■ **RECORDED DATA**:

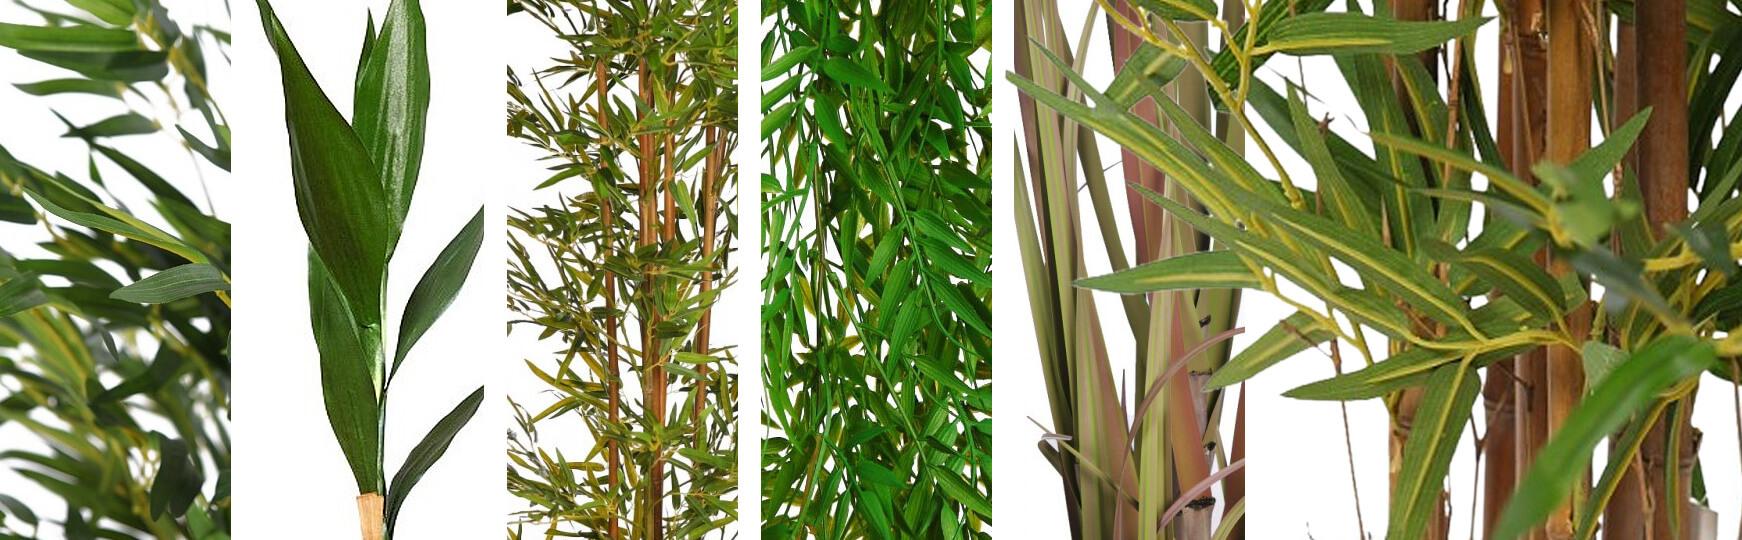 bambú artificial para decoración
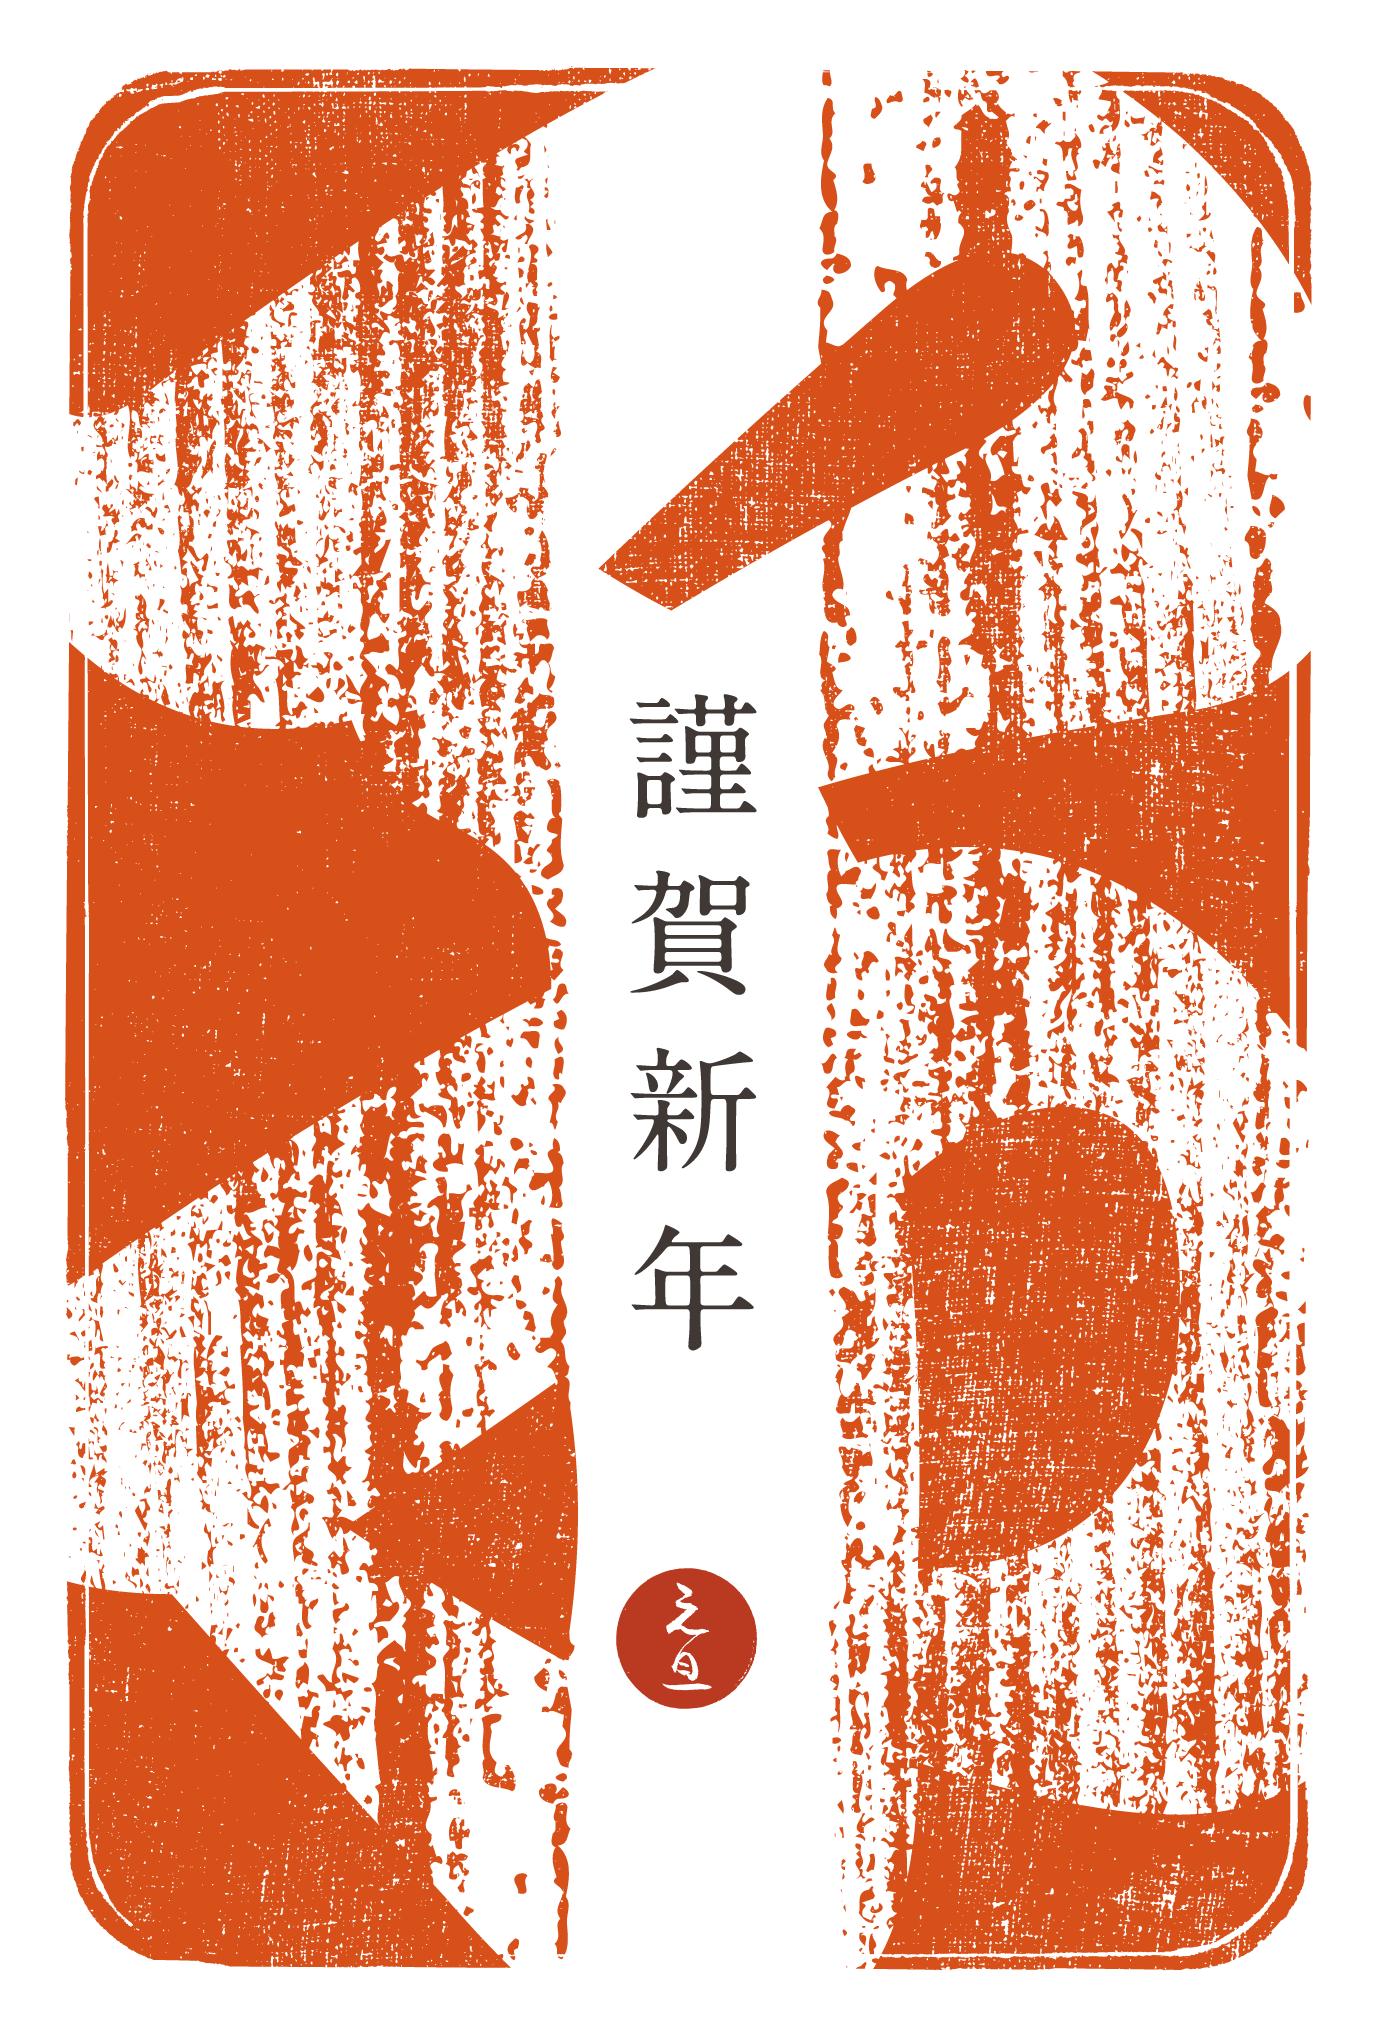 2020年賀状04-3:江戸勘亭流(子)緋色のダウンロード画像
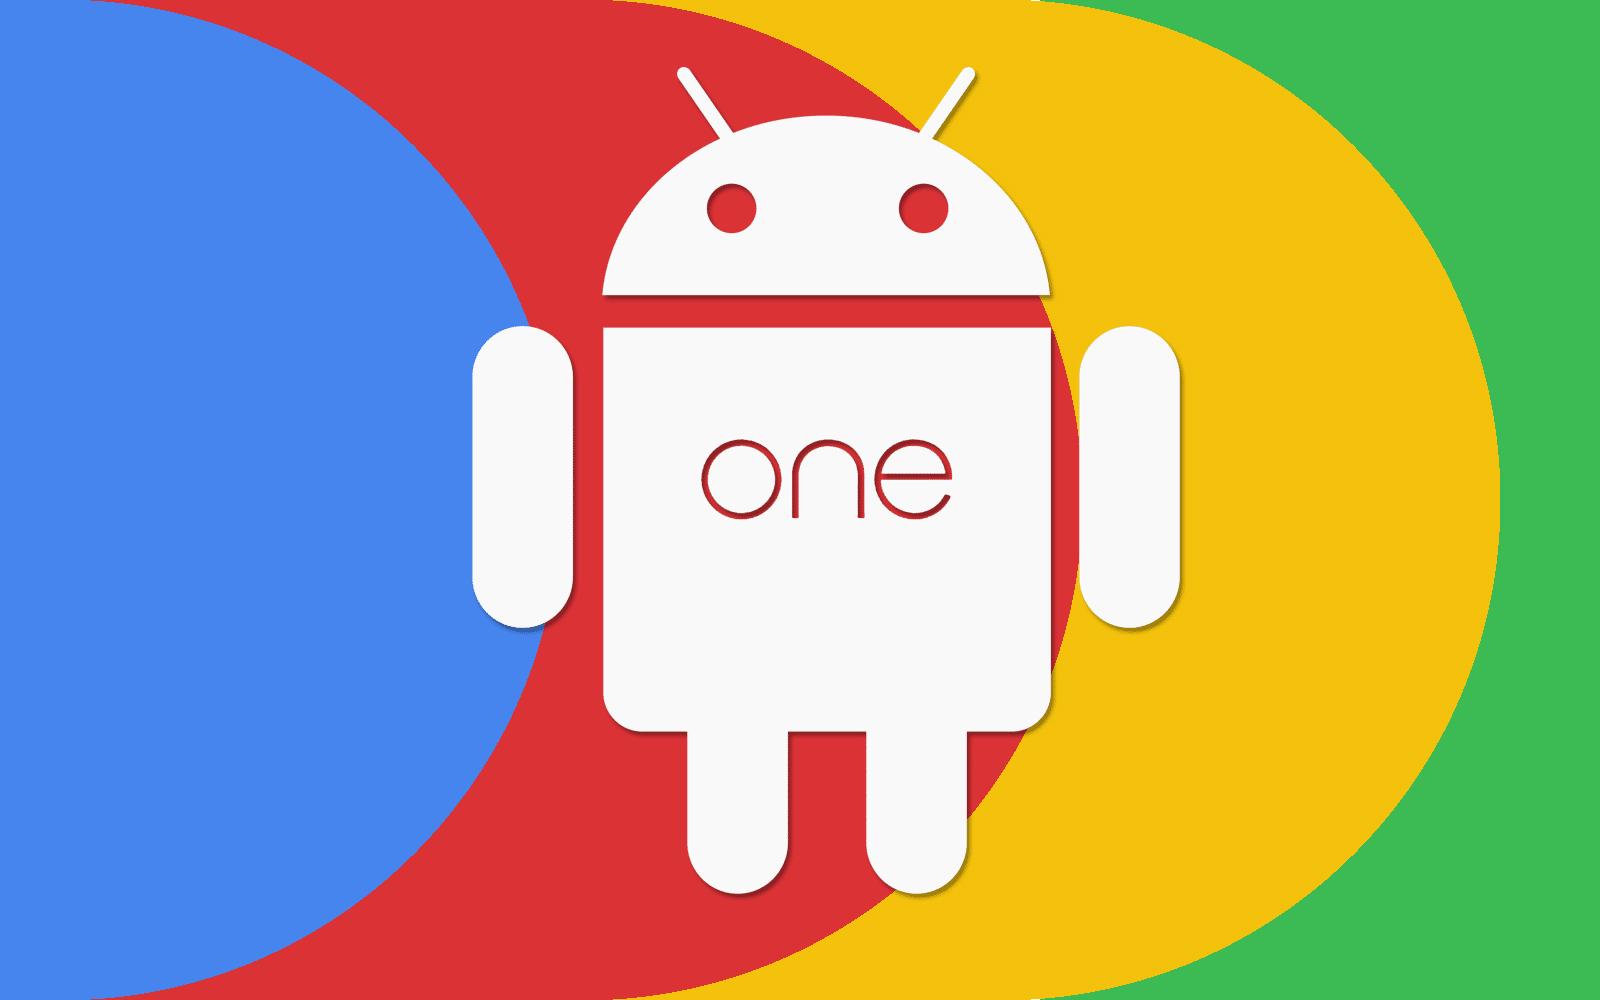 atualizacao-do-android-one-e-de-responsabilidade-do-fabricante

■ **PROBLEM STATEMENT**:
Exclude every image and return the material above exactly.

■ **SOLVED EXERCISE**:
 bambú artificial para decoración
 2020年賀状04-3:江戸勘亭流(子)緋色のダウンロード画像
 atualizacao-do-android-one-e-de-responsabilidade-do-fabricante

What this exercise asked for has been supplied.